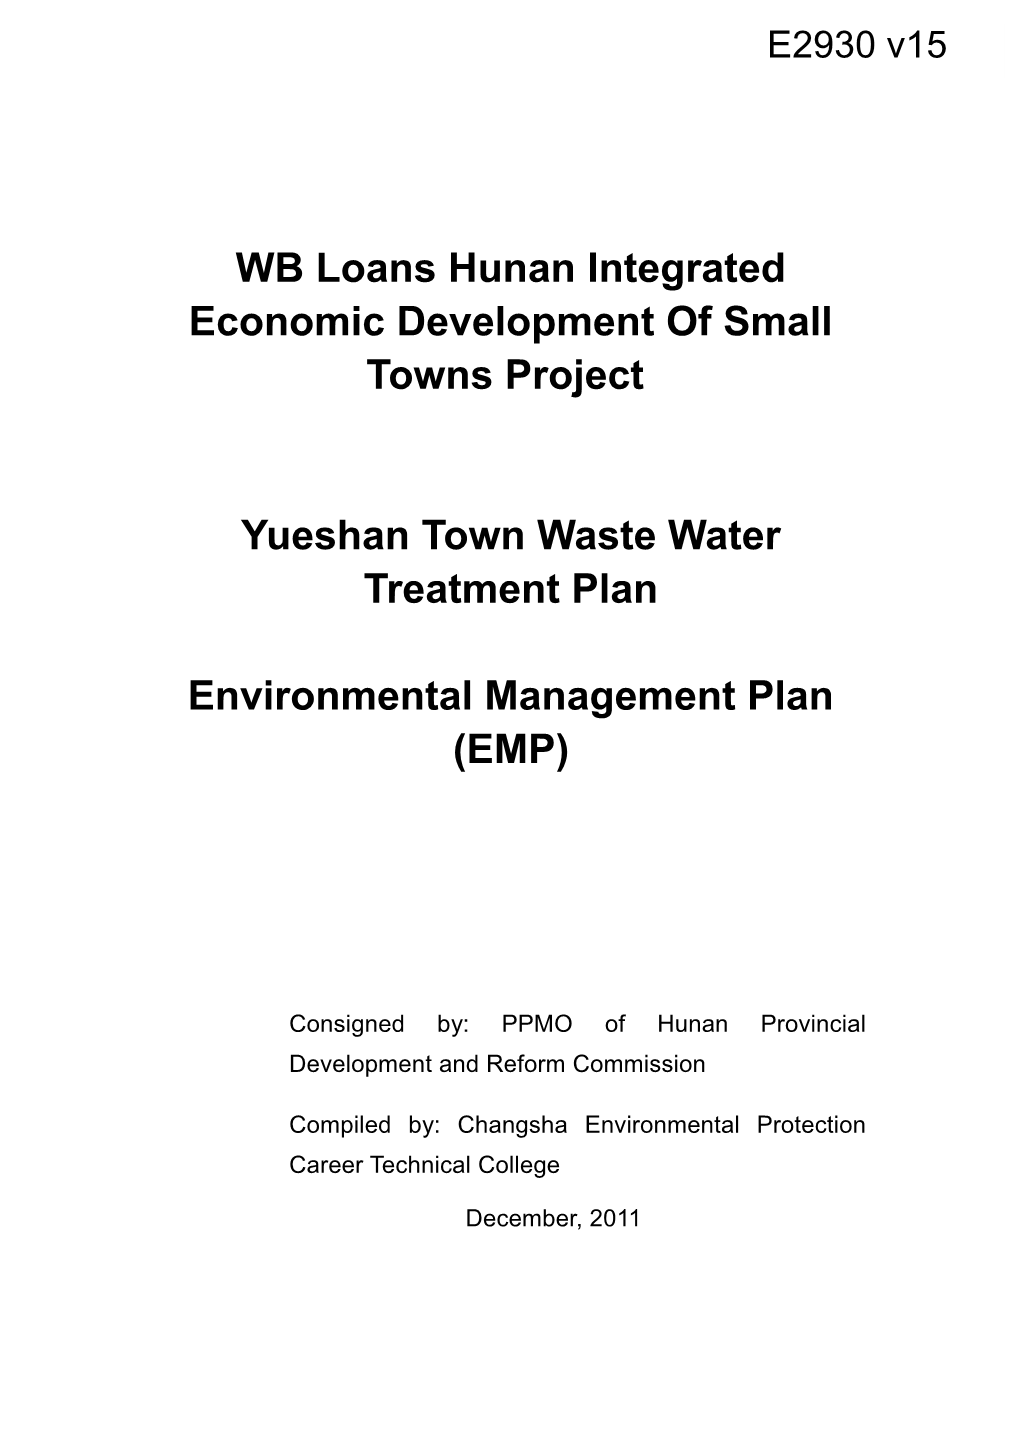 Xiangxiang Yueshan Town Project Under Hunan Province Utilizing WB Loans to Construct The
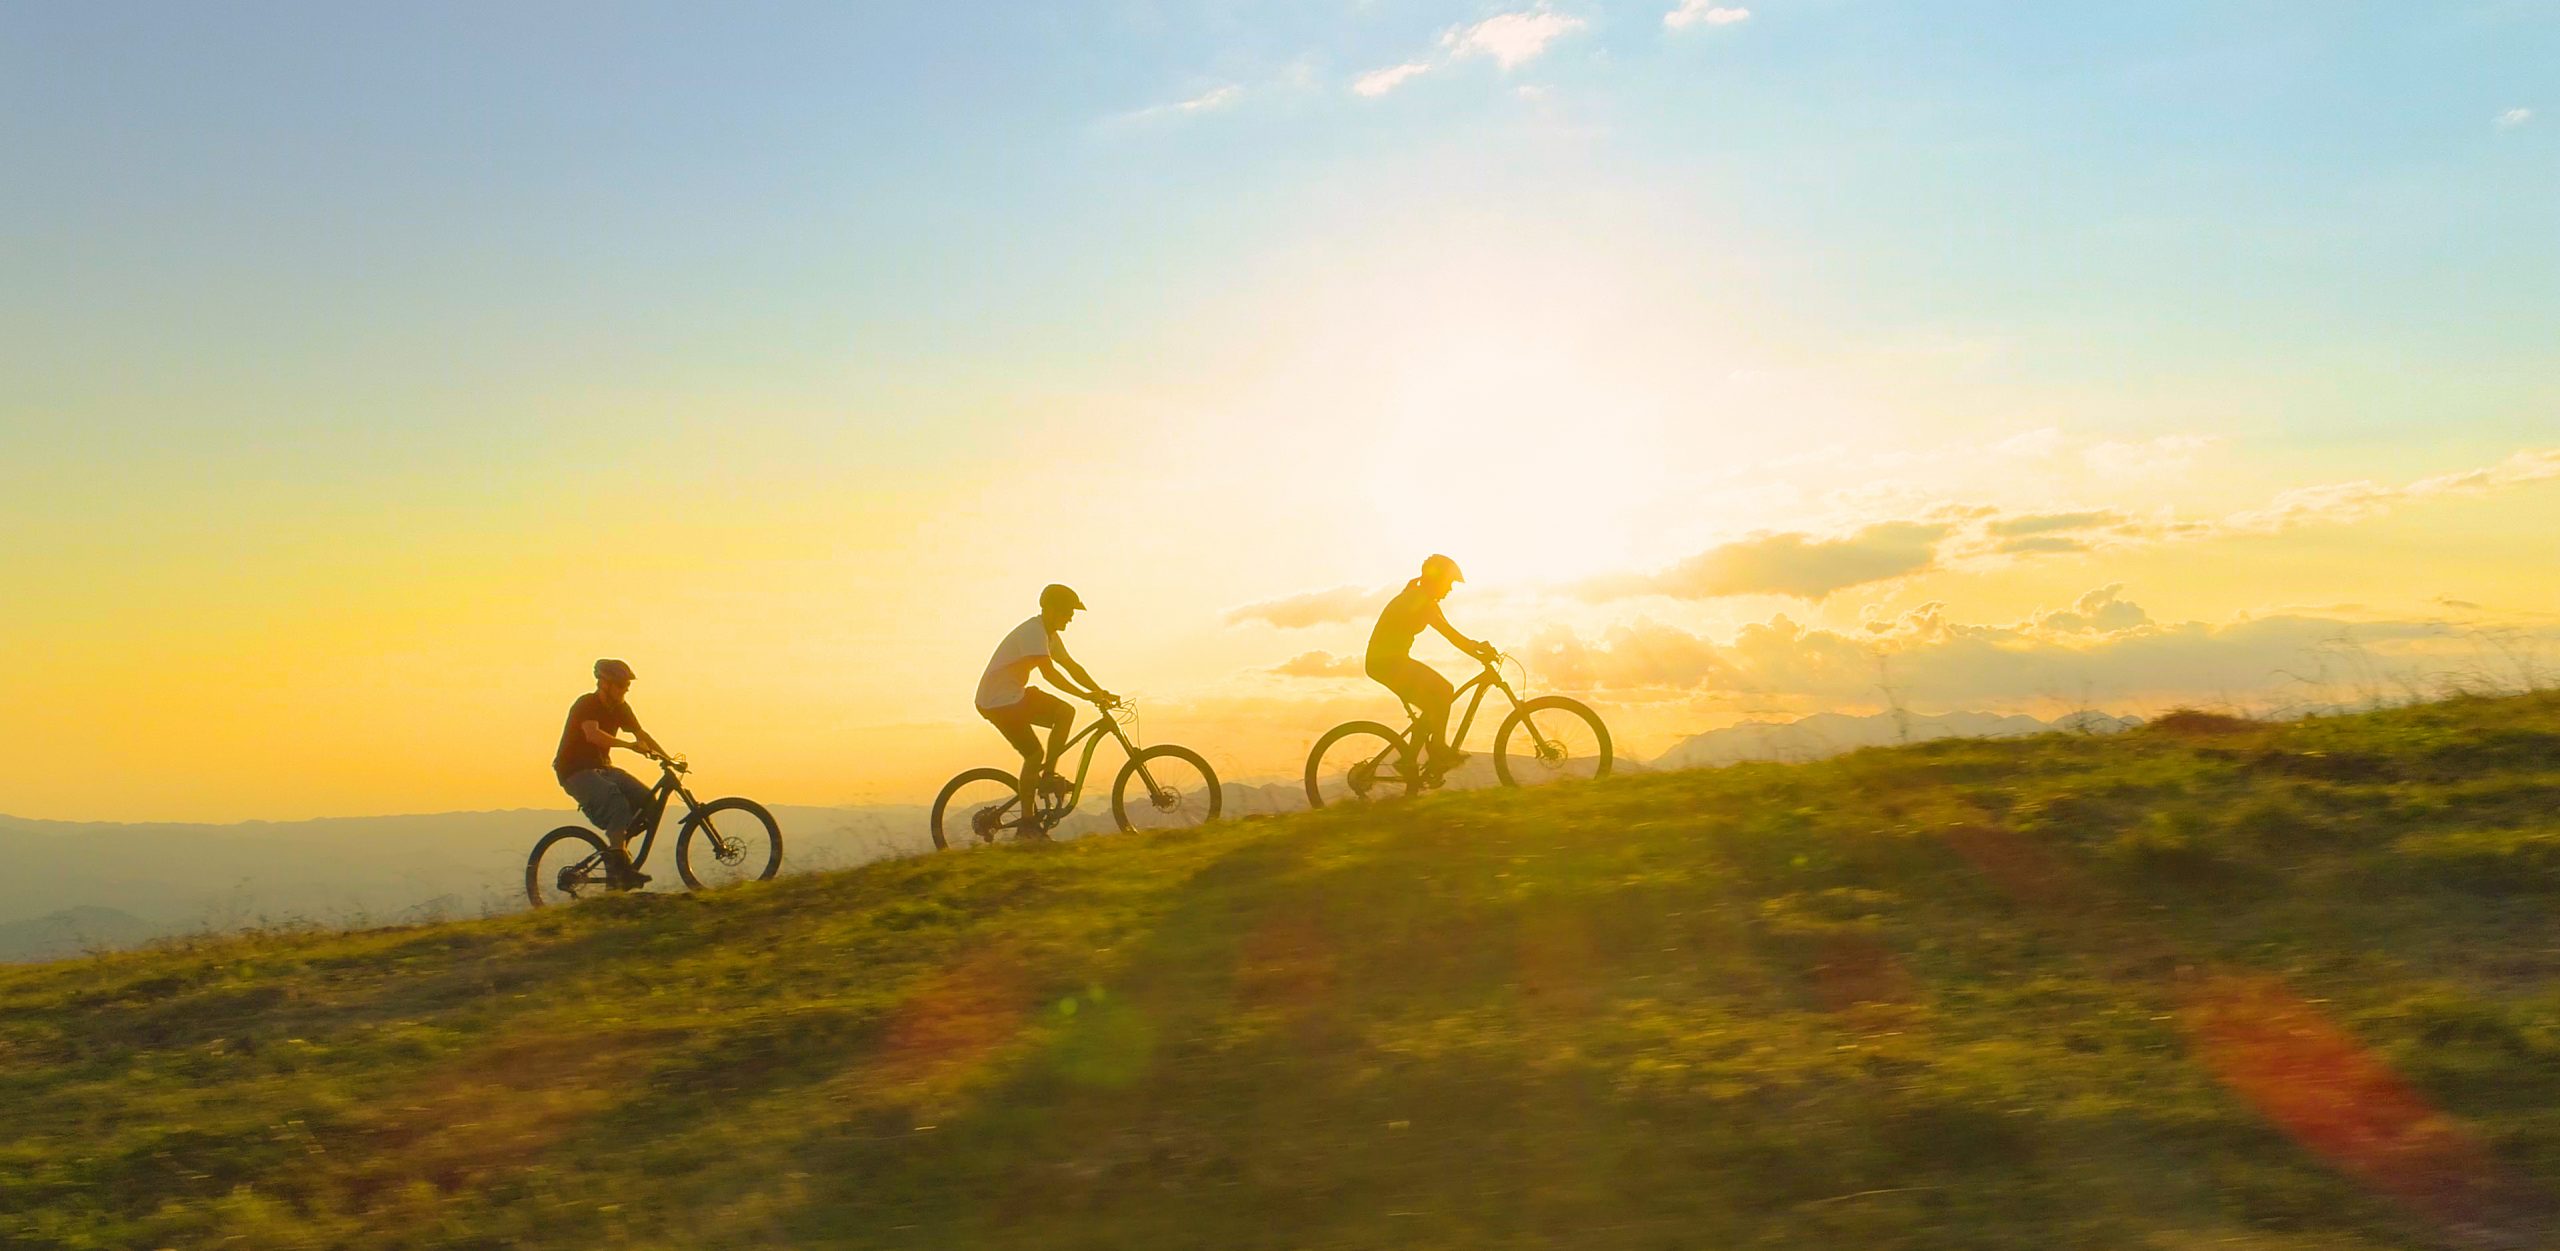 Bike rental: Discover a range of benefits
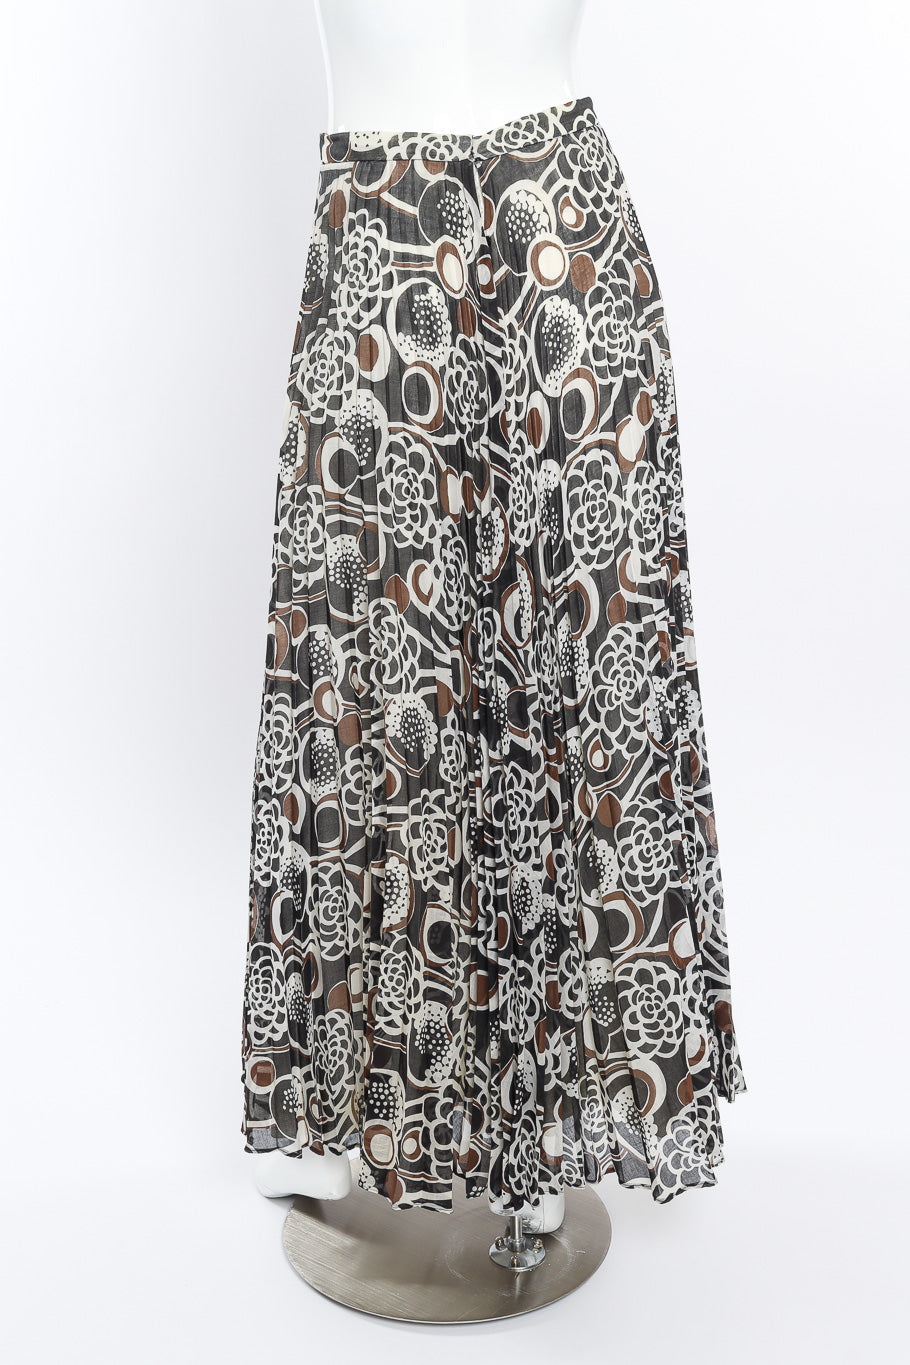 Vintage Nelly de Grab Abstract Dot Print Blouse & Skirt Set back view of skirt on mannequin @Recessla

» WHAT NEEDS TO BE DONE: Write down the full listing above exactly as it is, except for any images.

» ANSWER FOR THIS EXERCISE:
 Xiangxiang Yueshan Town Project Under Hunan Province Utilizing WB Loans to Construct The
 Bike rental: Discover a range of benefits
 Vintage Nelly de Grab Abstract Dot Print Blouse & Skirt Set back view of skirt on mannequin @Recessla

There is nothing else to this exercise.